Budget fashion chain Select is reportedly preparing an administration filing, a move that would put 2,000 jobs on the line. The womenswear retailer had already entered a company voluntary arrangement (CVA), which is a form of insolvency, in order to reduce its rent bill and continue operating, but this doesn’t appear to have achieved what owner Cafer Mahiroğlu had hoped.


Select



Mahiroğlu, who had been a Select supplier before buying it out of administration 11 years ago, had been able to ditch loss-making stores when he took over and had an obsessive focus on cost controls. But none of that helped in the current challenging environment.

The Turkish entrepreneur, who back in 2016 had been among the bidders for BHS, has already filed a notice of intention to appoint an administrator. This is a legal vehicle that allows a company a bit of extra time to find working solutions to its problems as creditors are unable to call in debts for 10 working days.

Retail Week reported that the intention notice was filed in the middle of last week and that advisory company Quantuma is waiting to step in to handle the administration process.

Although it’s only April, this year has seen a succession of fashion retailers going into administration with the news about Select coming just as Liam Gallagher’s Pretty Green also goes under.

And it’s not only smaller companies struggling, with ongoing reports that both Debenhams and Arcadia are looking at company voluntary arrangements for their giant operations.

They’re suffering from a wide range of issues whether specific problems like House of Fraser’s administration filing that left Pretty Green owed significant sums, or wider woes like the wrong weather (too hot, too cold, too wet, too dry).
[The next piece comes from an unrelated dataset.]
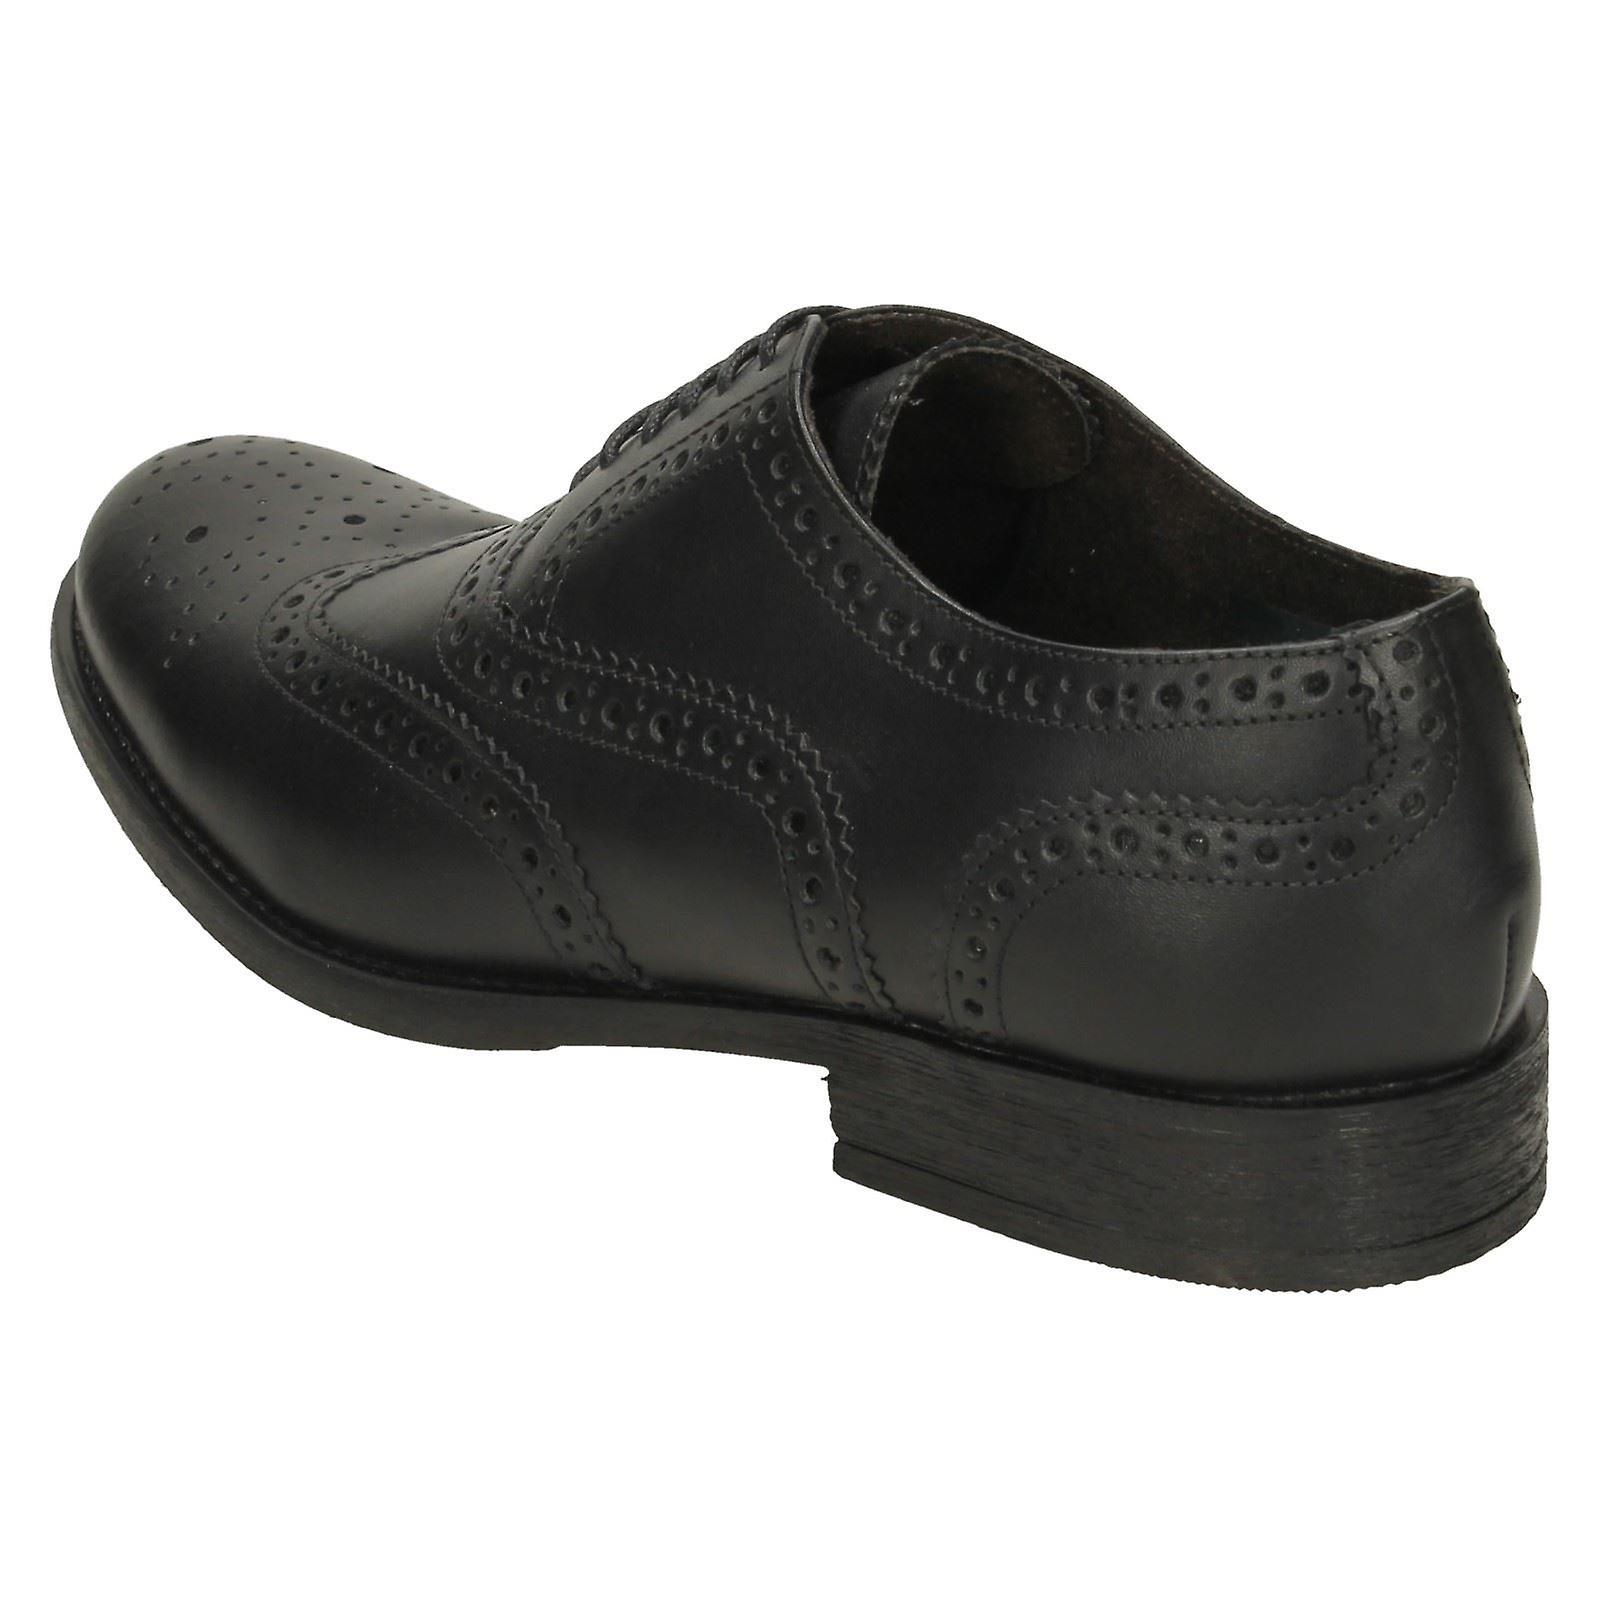 Shoes London Walnut Base MTO Mens Brogue qRwO0xf

But the fundamental issues are threefold. One is the migration to online that’s making stores much less profitable, while another is the fact that those stores are becoming more expensive to run, despite their lower profitability. Upward rent reviews, higher business property taxes and the higher minimum wage aren’t helping.
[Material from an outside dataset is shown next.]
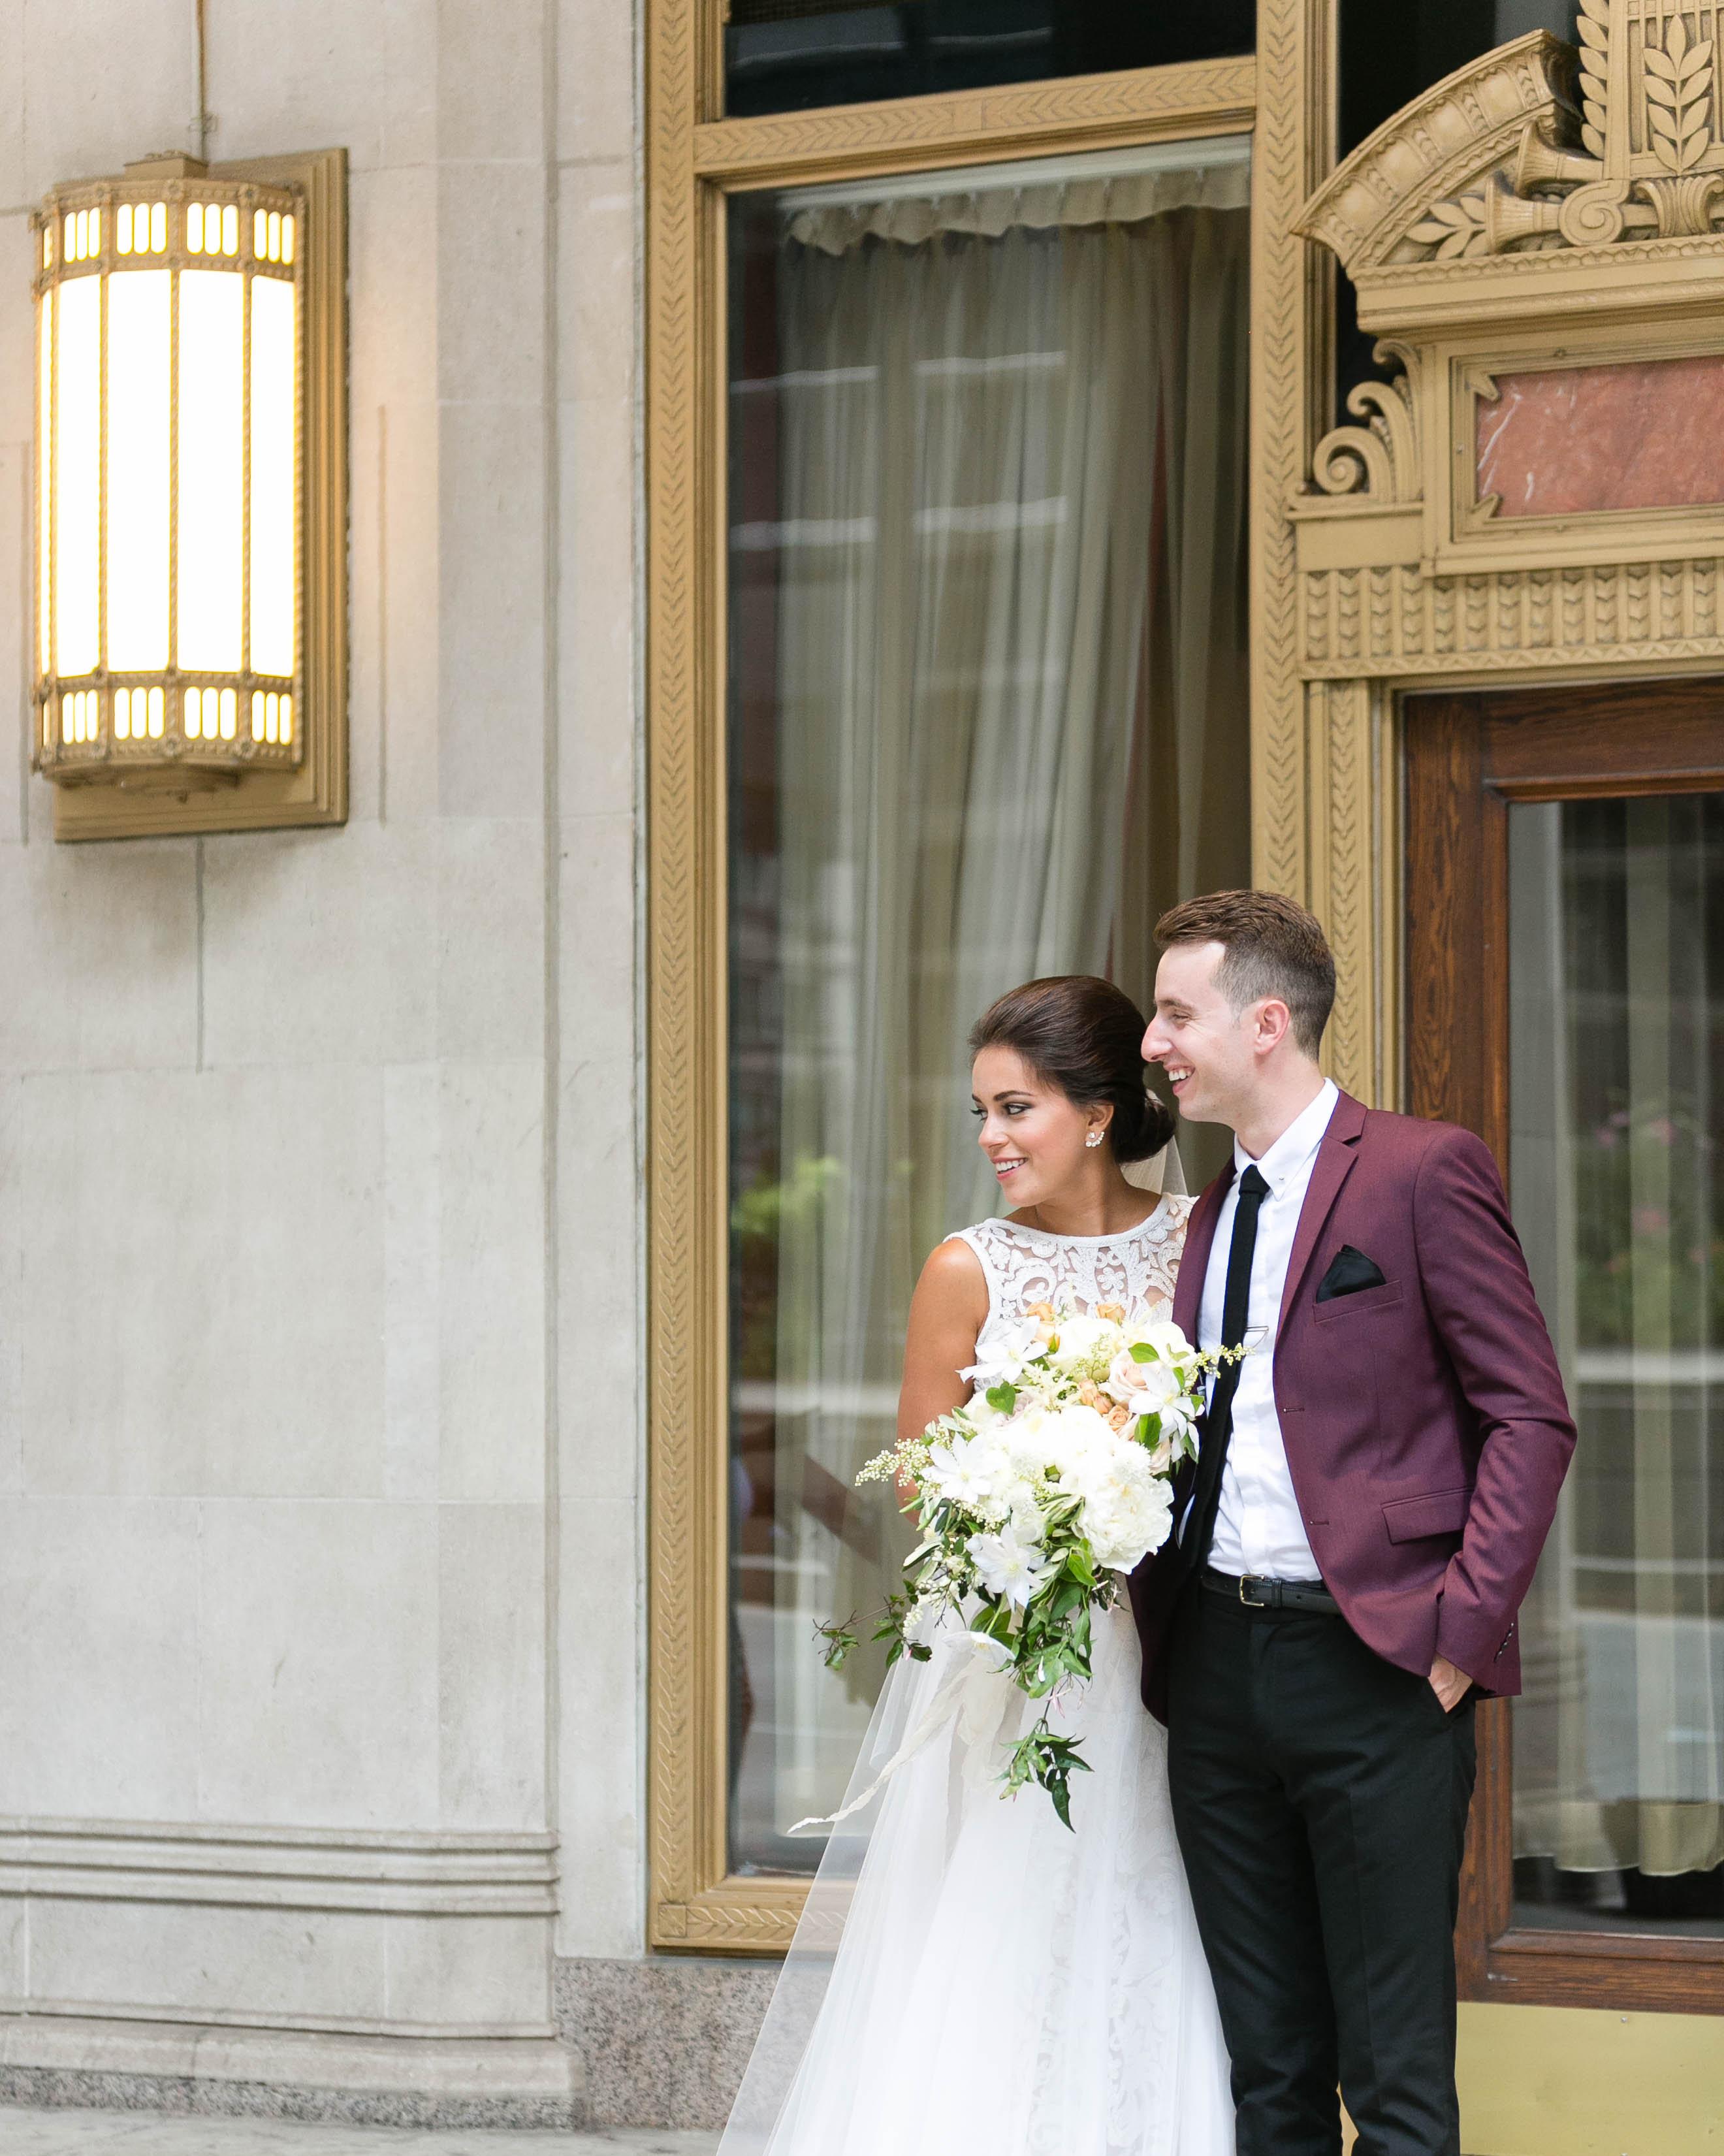 bianca-bryen-wedding-couple-117-s112509-0216.jpg

And of course, there’s the Brexit effect that’s making consumers ultra-cautious, that’s raising the prospect of higher costs and is also paralysing businesses when it comes to future investment plans.
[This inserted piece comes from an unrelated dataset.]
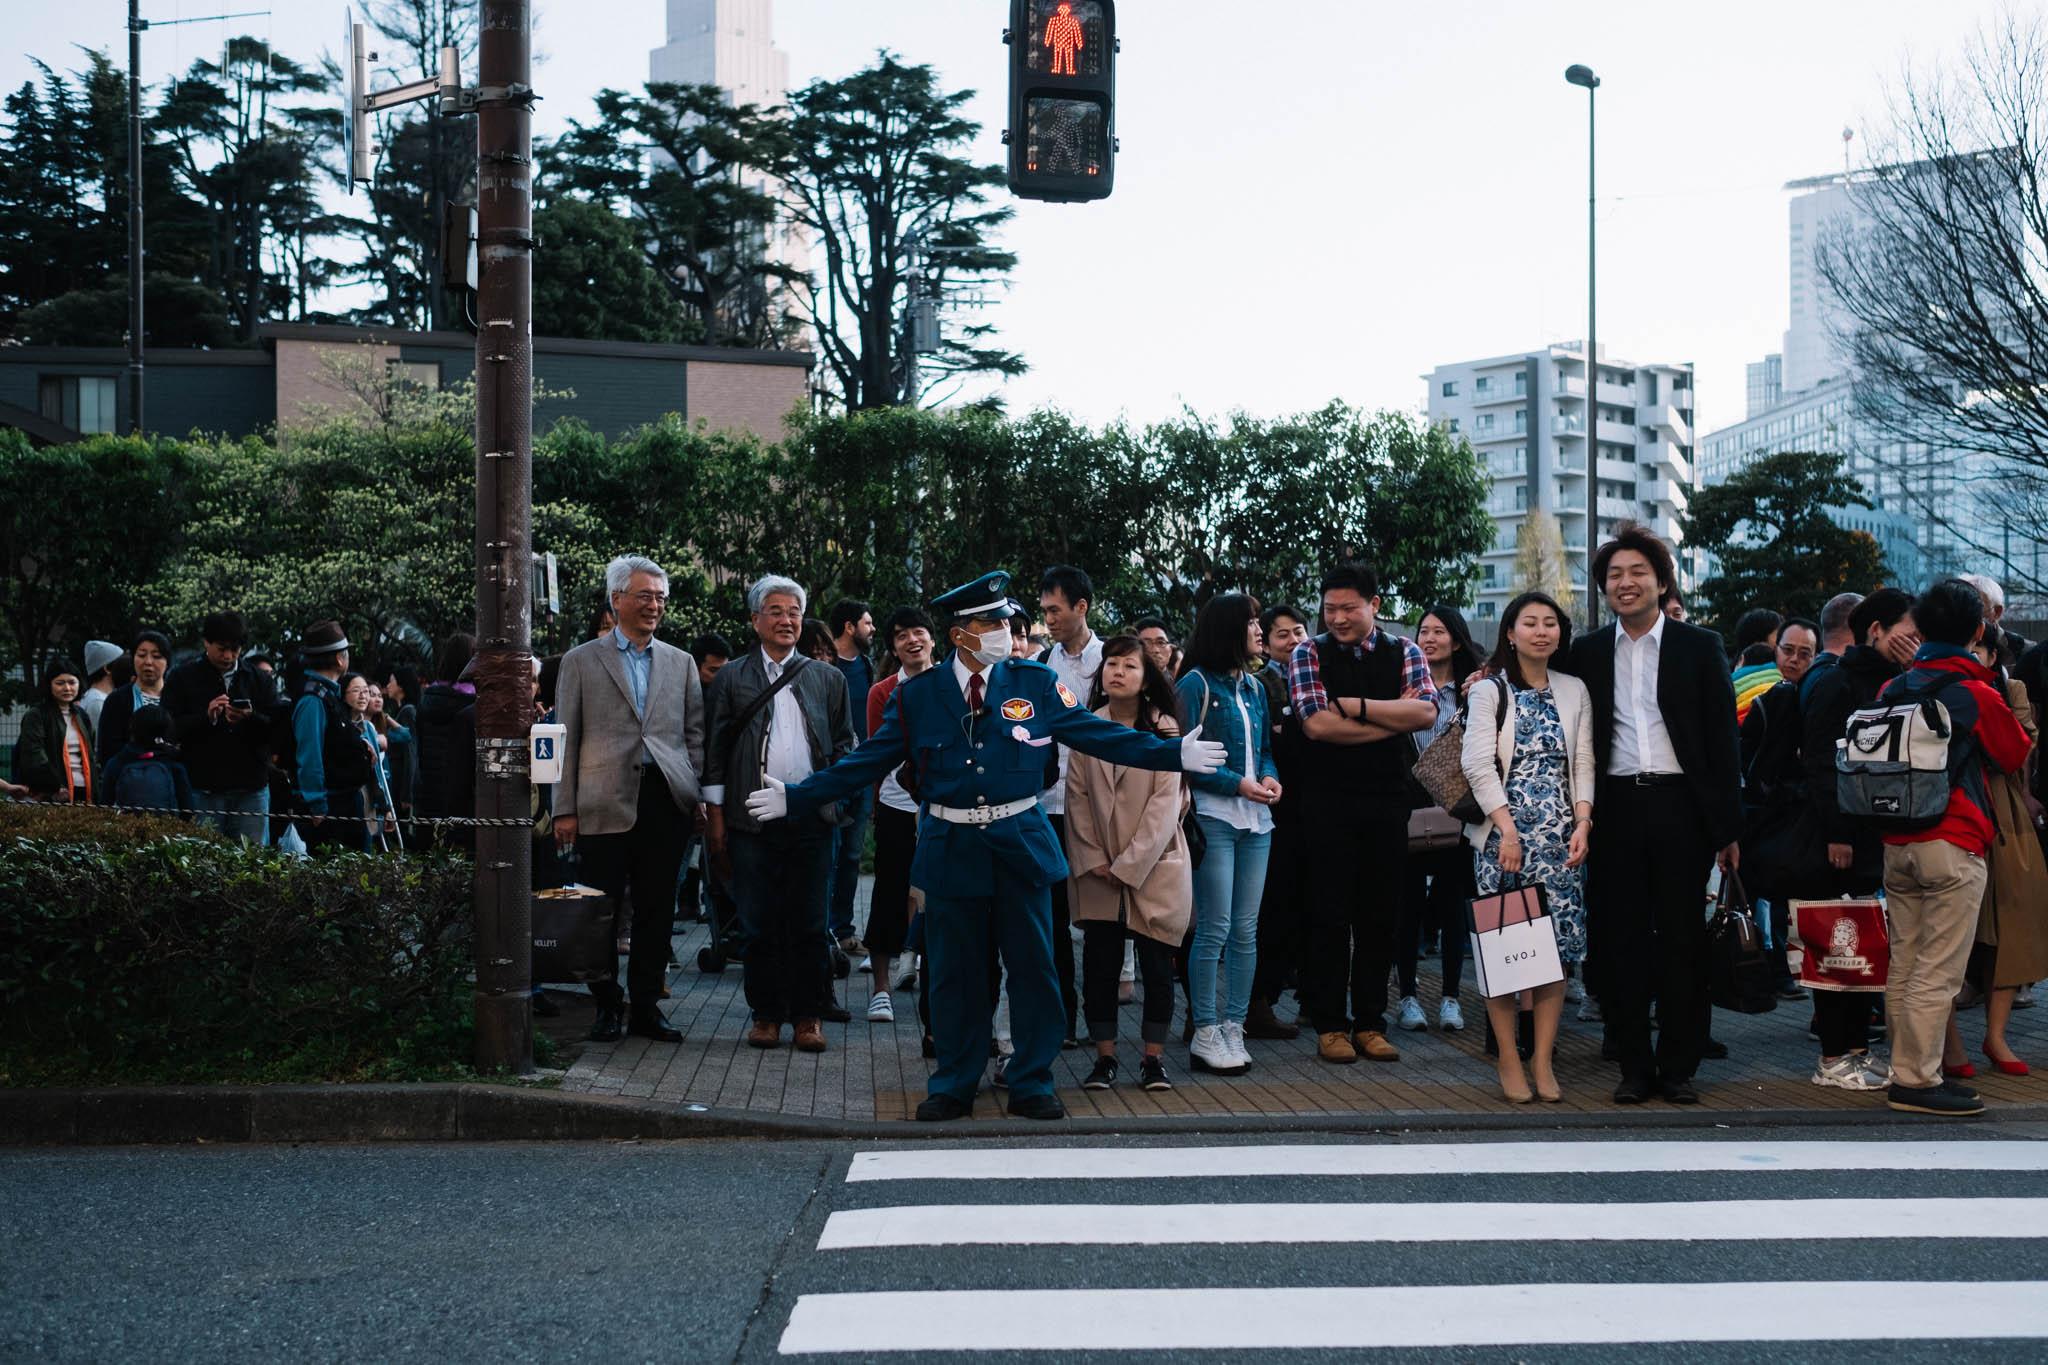 chris_eberhardt_japan_travel_reise_nippon-76.jpg

With analysts predicting that the share of online fashion sales would continue to rise relatively fast, there’s little hope for any relief on that front, although some more Brexit clarity may be available after the planned votes in Parliament this week.

But if, as many in the industry hope, Brexit is either softened or heavily delayed, it will be too late for Select in its present form. The company could live on if a buyer can be found. The problem is that while Mahiroğlu bought it out of administration in 2008 at the height of the global recession, in 2019, fears over another recession and the fundamental issues undermining physical retail could hold other prospective buyers back.